Porque Petrolina não aparece nos dados negativos, estando numa mesma região e sendo influenciada pelos mesmos fatores, é a pergunta feita por muitos na região?

De acordo com dados divulgados pela Secretaria de Defesa Social de Pernambuco “Petrolina registrou uma queda de 6,7% no número de homicídios, com uma redução de 12 casos, passando de 180 para 168 ocorrências ao longo de 2024”.

Não há um detalhamento em relação a inclusão de mortes por intervenções policiais e o anuário não detalha esses números em relação á Petrolina, mas em Pernambuco o município com maior números de mortes por intervenção policial, de acordo com o anuário, foi cabo de Santo Agostinho, com 151 mortes e apenas 4 por intervenção policial, 3% do total de mortes.

Já em Juazeiro, dados do anuário apontam que das 194 mortes registradas em 2024, 42 foram decorrentes de intervenção policial, um percentual de 22% em relação às Mortes por Violência Intencional (MVI).

O comparativo entre a ação policial na Bahia e Pernambuco também é bastante discrepante: A Bahia alcançou 25,8% das letalidades policiais, o mesmo número de 2023 e Pernambuco o Anuário aponta apenas 2,0% na relação de participação nos dados por mortes violentas intencionais.

Em números absolutos a Bahia caiu de 1.700 mortes por intervenção policial para 1.556, enquanto em Pernambuco os números apontam apenas 68 mortes. Em 2023 foram 118, uma queda de quase 50% de uma ano o para o outro.

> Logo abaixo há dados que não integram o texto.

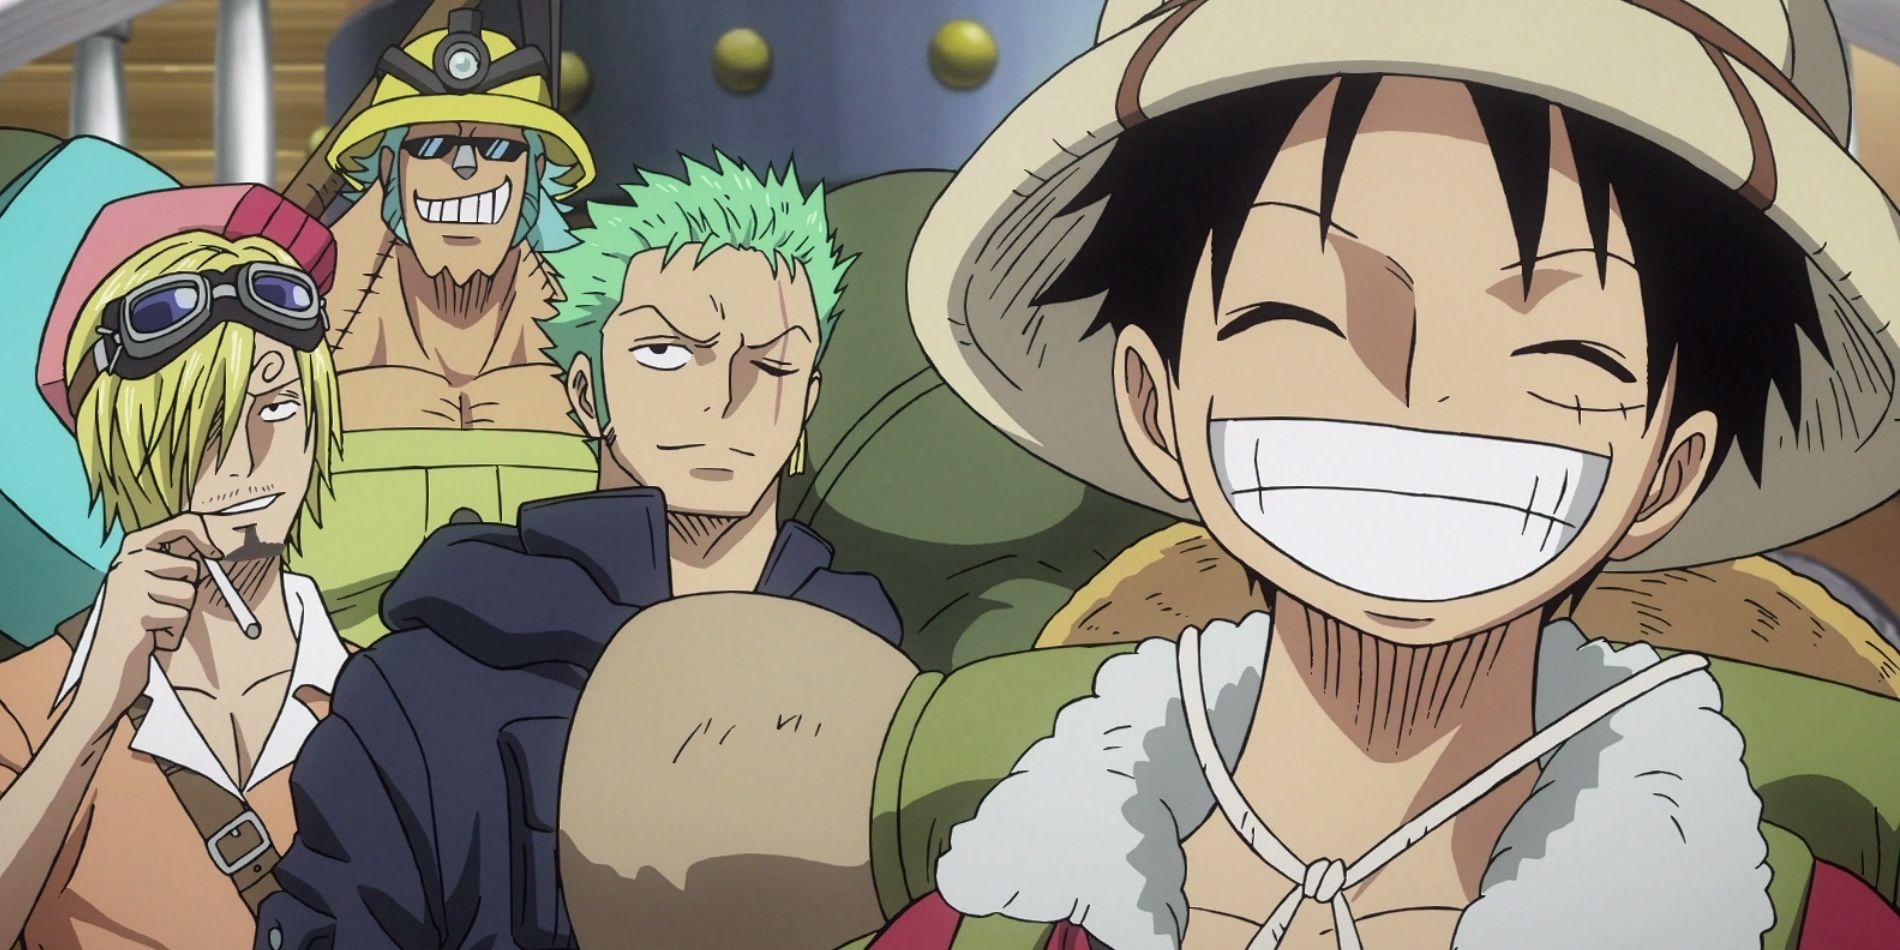 Luffy grins with his pirate crew behind him in One Piece: Heart of Gold

Amapá e Bahia mantiveram a proporção de Mortes Decorrentes de Intervenção Policial no total das Mortes Violentas Intencionais quase a mesma em 2023 e 2024. No Amapá, em 2023, a letalidade policial correspondia a 35,3% das MVI; e 37,8% em 2024. Já na Bahia, essa proporção foi exatamente a mesma em 2023 e 2024, com 25,8% do total de MVI compostos pelas mortes decorrentes de intervenção policial.

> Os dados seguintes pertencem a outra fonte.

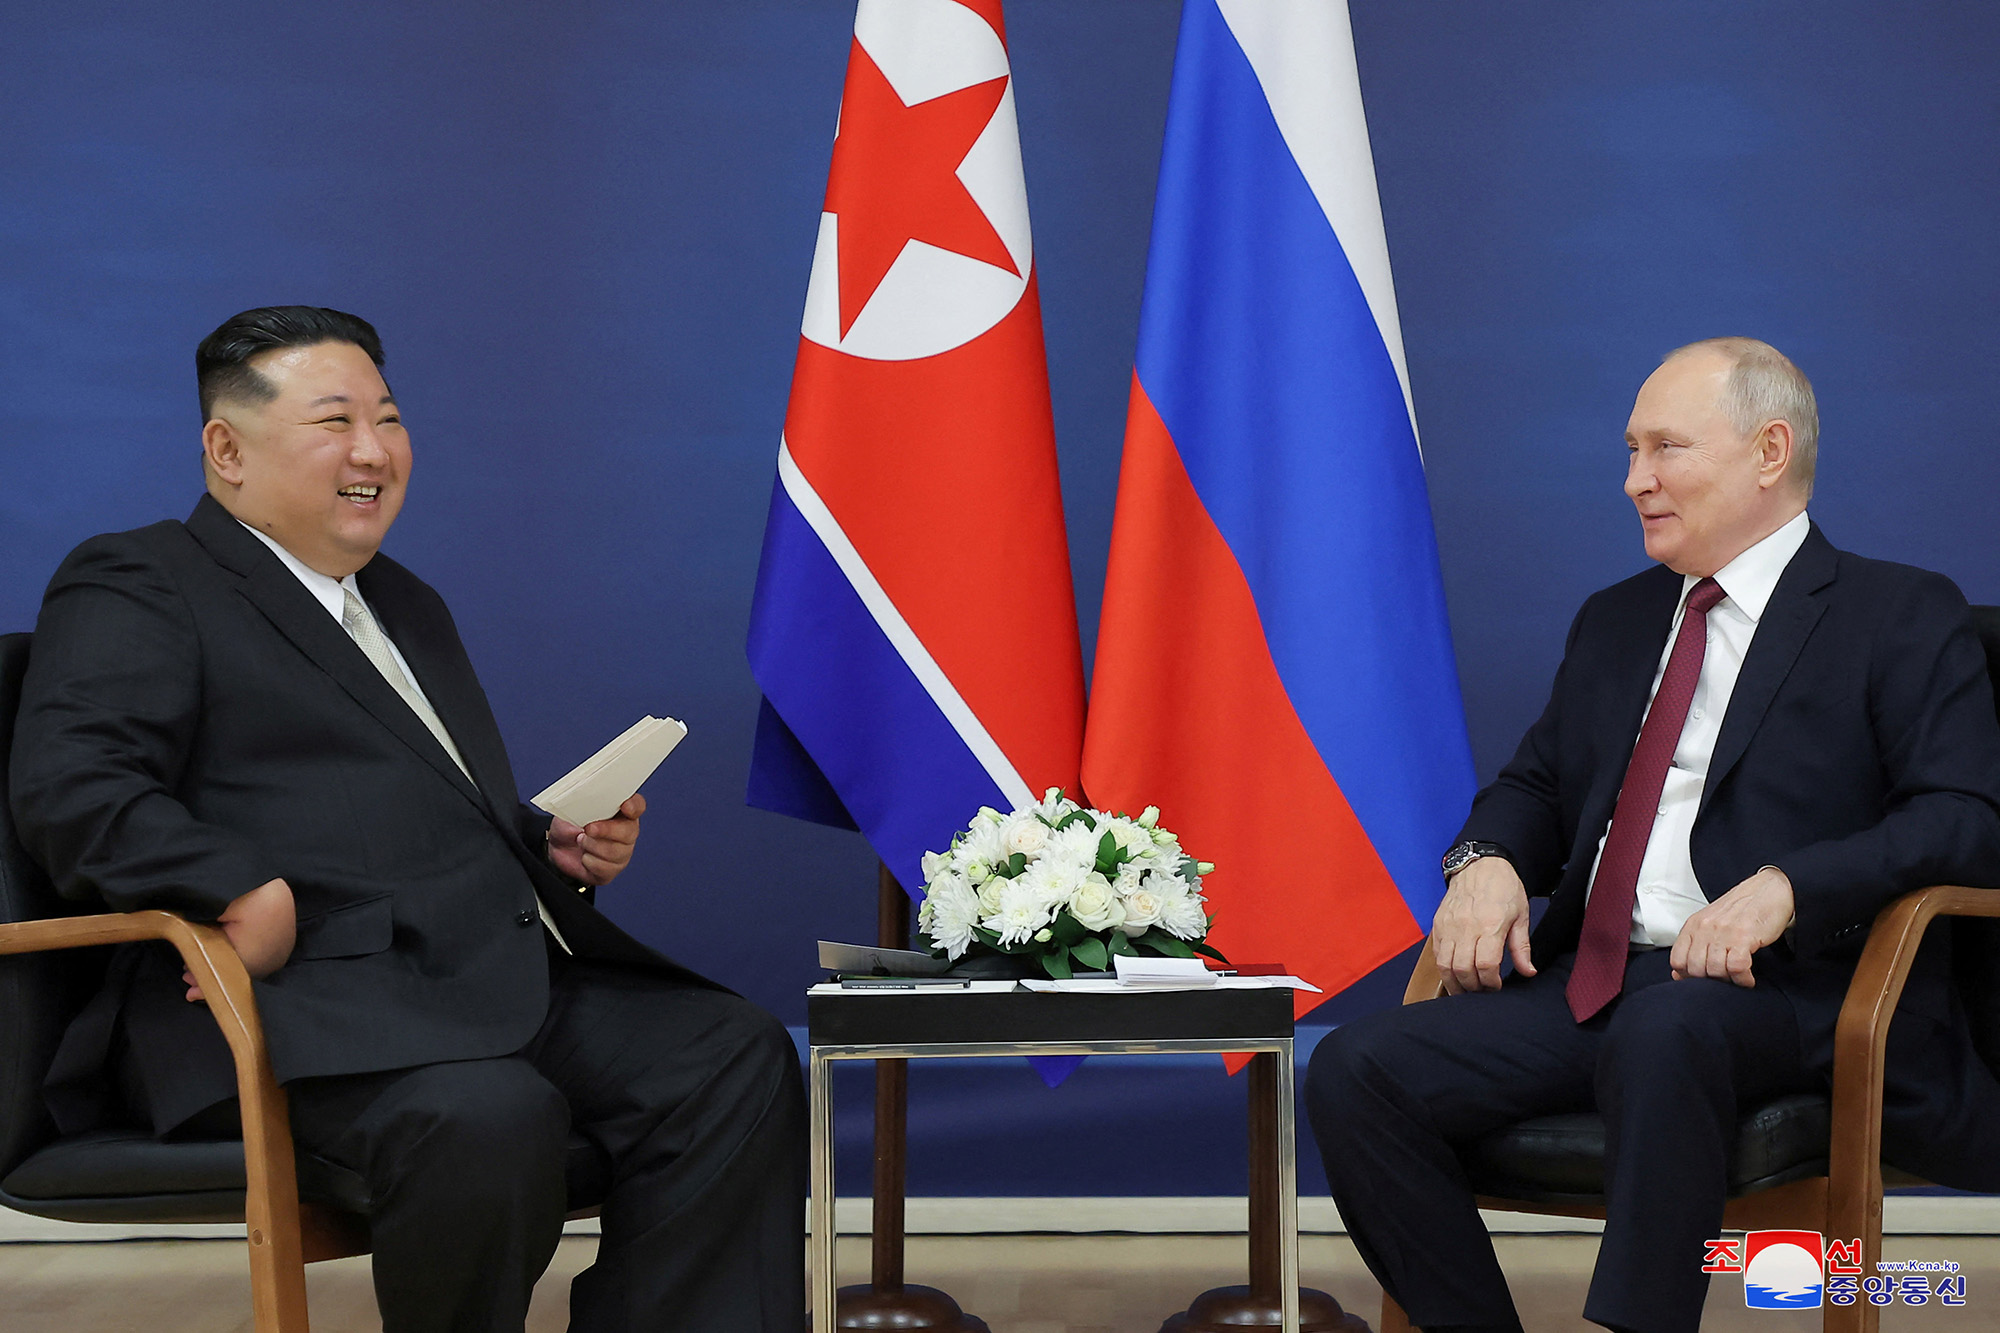 Russia's President Vladimir Putin, right, and North Korea's leader Kim Jong Un attend a meeting at the Vostochny Cosmodrome in the far eastern Amur region, Russia, on September 13.

No Anuário foi anotado: “Embora o país esteja diante de redução dos homicídios e latrocínios, a letalidade provocada por agentes do Estado na Bahia permanece elevada em várias polícias do país, à esquerda ou à direita do espectro político. Em Jequié, um em cada três homicídios foi de autoria de policial; em Simões Filho, a proporção foi de um em cada quatro casos.

Juazeiro, de acordo com o Anuário é “O terceiro lugar do ranking, que viu o número de mortes violentas intencionais crescer 9,6% no último ano e chegar a 194 vítimas, taxa de 76,2 por 100 mil. Com pouco mais de 250 mil habitantes, Juazeiro fica a mais de 500km de distância da capital, e reflete a interiorização da violência que tomou o Estado, em grande medida pela expansão de grupos criminosos. Na cidade atuam ao menos duas facções que operam o narcotráfico segundo reportagens de imprensa: o Bonde dos Malucos (BDM) e uma dissidência deste grupo intitulada “Honda”34”, destacaram.

A Secretaria de Segurança Pública da Bahia aponta que apesar dos números divulgados, o ano de 2024 foi o que apresentou a o menor número de mortes violentas dos últimos 17 anos.
De acordo com os números apresentados “Pelo terceiro ano consecutivo, a Polícia Civil registrou redução dos casos de homicídio, latrocínio e lesão dolosa seguida de morte. Foram contabilizadas 4.440 ocorrências em 2024, contra 4.863 casos em 2023, representando redução de 8,7%”, divulgaram.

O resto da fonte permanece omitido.